If the induced-emission effect exists, then ballotechnic materials may have an energy density that is high enough to allow their energy release (in the form of gamma radiation) to cause deuterium-tritium fusion, it is speculated. Induced gamma emission (IGE) of ballotechnic materials can be caused by gamma rays, x rays, or physical shock. Because of that, ballotechnic energy release could concievably cause chain reactions at a sufficient density. Therefore, a bomb that includes a trigger, ballotechnic material of sufficient density, and a deuterium-tritium mixture could constitute a working fusion bomb that does not require a critical fissionable mass (such as uranium or plutonium). As a result, such a bomb could be very small (about the size of a softball), and it would not produce radioactive fallout, such that it is a 'clean' nuclear bomb, (except for some escaping gamma rays and induced radioactivity from the neutron flux). Because of that, the creation of ballotechnic fusion bombs might decrease the psychological threshold for their use, and thus nuclear war. However, producing a sufficient ballotechnic material density appears to be unlikely in the near future.

If a ballotechnic fusion bomb does not incorporate a neutron reflector, then it constitutes a ballotechnic neutron bomb, and, as was mentioned, such neutron bombs could be as small as a softball.

However, even if the required physical effect exists, none of these weapons have been shown to be technically feasible.

Could hafnium (pictured) one day power an aerial vehicle?
Enlarge
Could hafnium (pictured) one day power an aerial vehicle?

In February 2003, [New Scientist] the idea of the ballotechnic nuclear powered airplane was described. The new idea was to utilize Hf-178 (presumably due to its high energy to weight ratio) which would be triggered to release gamma rays that would heat air in a chamber for jet propulsion. This power source is sometimes called a "Quantum nucleonic reactor".

False rumors

Some have thought that a substance called red mercury, that appeared in the media in the mid 1990s, is a Soviet code name for a ballotechnic substance, particularly hafnium-178. See red mercury for other theories about it.

Negative scientific evaluations

The JASON Defense Advisory Group put out a relevant public report, High Energy Density Explosives, N. Lewis, R. Garwin, D. Hammer, W. Happer, R. Jeanloz. J. Katz, S. Koonin, P. Weinberger, E. Williams. October 1997. JSR-97-110. [online pdf] ("distribution is unlimited")
Section 4. page 13. ENERGERIC [sic] MATERIALS FROM RADIOSOTOPE REACTIONS
"A proposal was presented to the members of this JASON study to use nuclear isotope processes to prepare energetic materials. In brief, the notion is to couple nuclear transitions to electronic transitions in isomers such as 178mHf, and, in some ill-defined fashion, to then achieve a resonance condition through which electronic processes could be stimulated with high yield and with a rapid ( < 106 sec [sic, probably means 10-6 sec]) energy release rate.
"There was a disturbing absence of a reality check in this proposal.

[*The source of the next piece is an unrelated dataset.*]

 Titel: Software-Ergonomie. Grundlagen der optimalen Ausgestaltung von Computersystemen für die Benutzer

There was no scientific justification of how such a process might possibly be obtained with high enough efficiencies to be useful in any practical process. ... Without such a defendable order-of-magnitude estimate of how the reaction rate will be increased to useful values, this approach seems to have no merit at the present time."

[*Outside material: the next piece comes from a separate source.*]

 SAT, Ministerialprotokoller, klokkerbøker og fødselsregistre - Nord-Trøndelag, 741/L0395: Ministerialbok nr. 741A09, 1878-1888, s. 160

Positive experiments in the 21st century

Positive experiments conducted with monochromatic X-rays from the World's premier synchrotron facility [SPring-8] in Hyogo showed induced gamma ray emission with high statistical significance [Confidence Levels Supporting Hf-Isomer Triggering Claims in 2006]. References to peer-reviewed technical articles are included.

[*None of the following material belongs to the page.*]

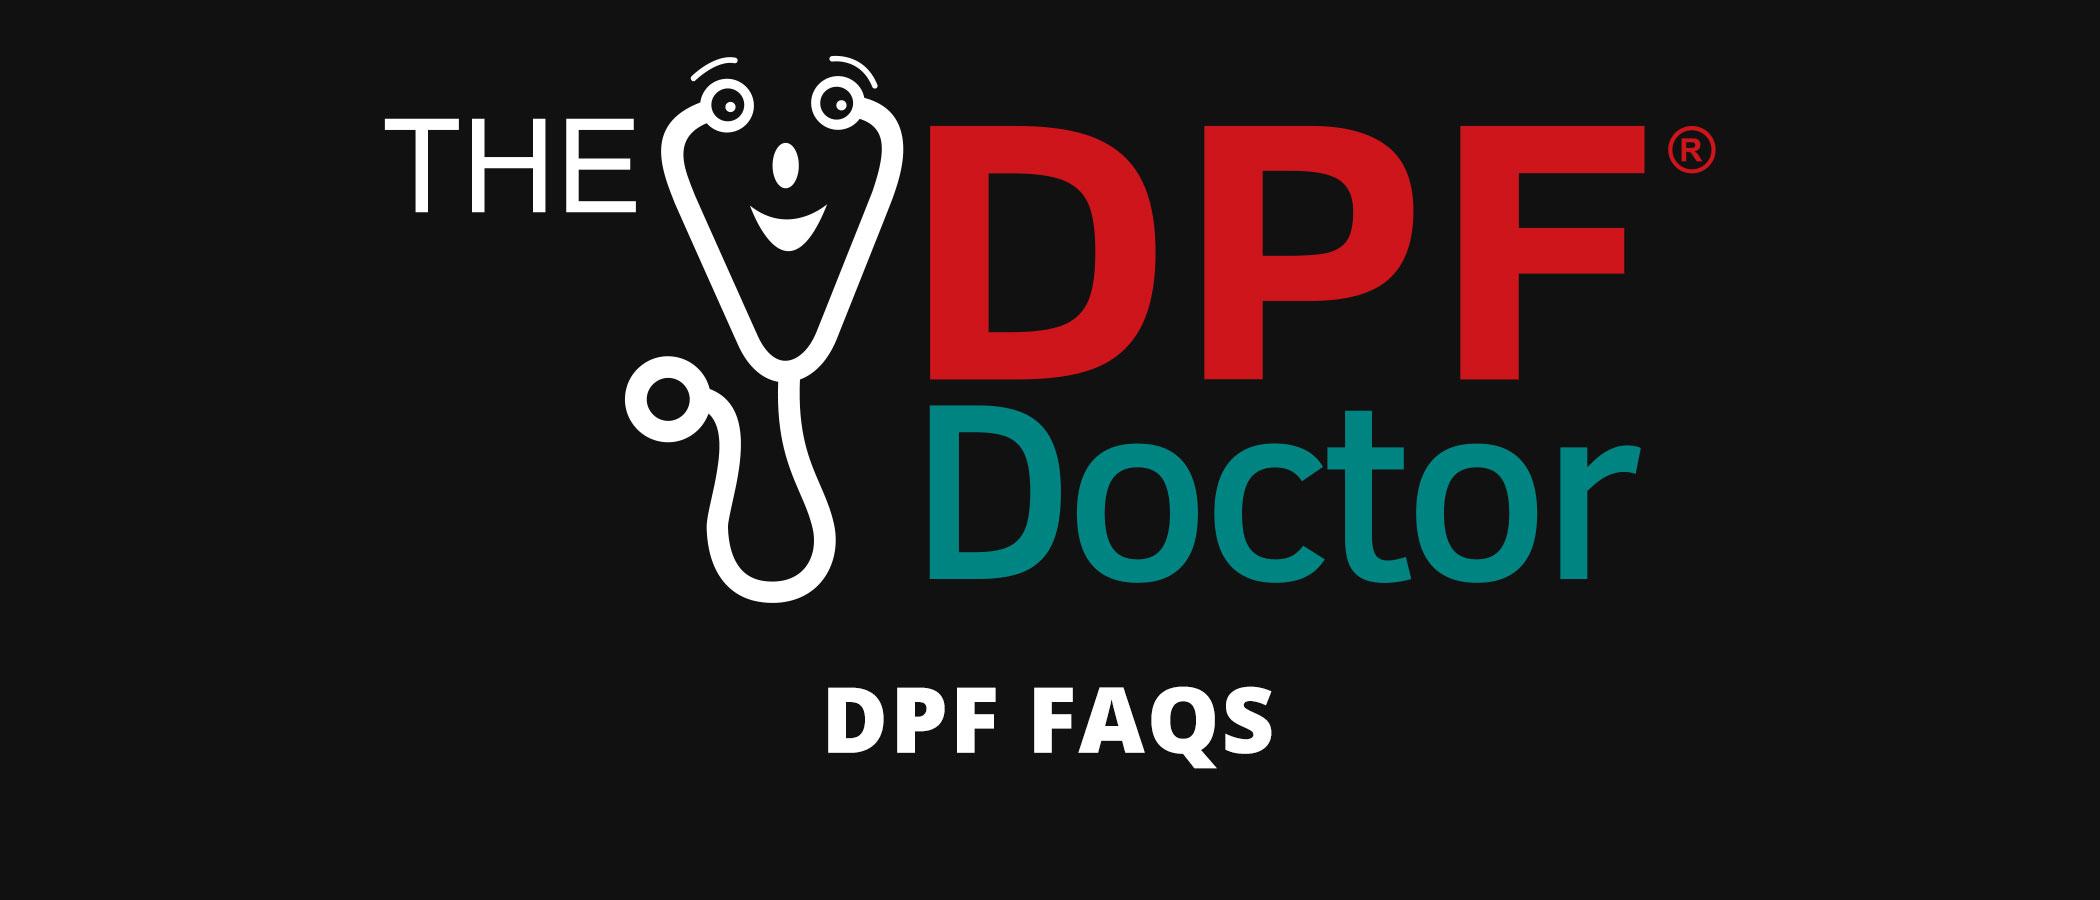 DPF FAQs

Samuel Cohen warns of fissionless fusion bombs

[The Nuclear Threat That Doesn't Exist – or Does It?] by Samuel Cohen and Joe Douglass, March 11, 2003, guest editorial in Financial Sense Online. He again claims that Russia has such weapons, "red mercury" exists as claimed, and the US, among the technical elite, take it seriously, while the US at the same time started a disinformation campaign claiming "red mercury" is bogus. Independent confirmation of such claims in the article is lacking.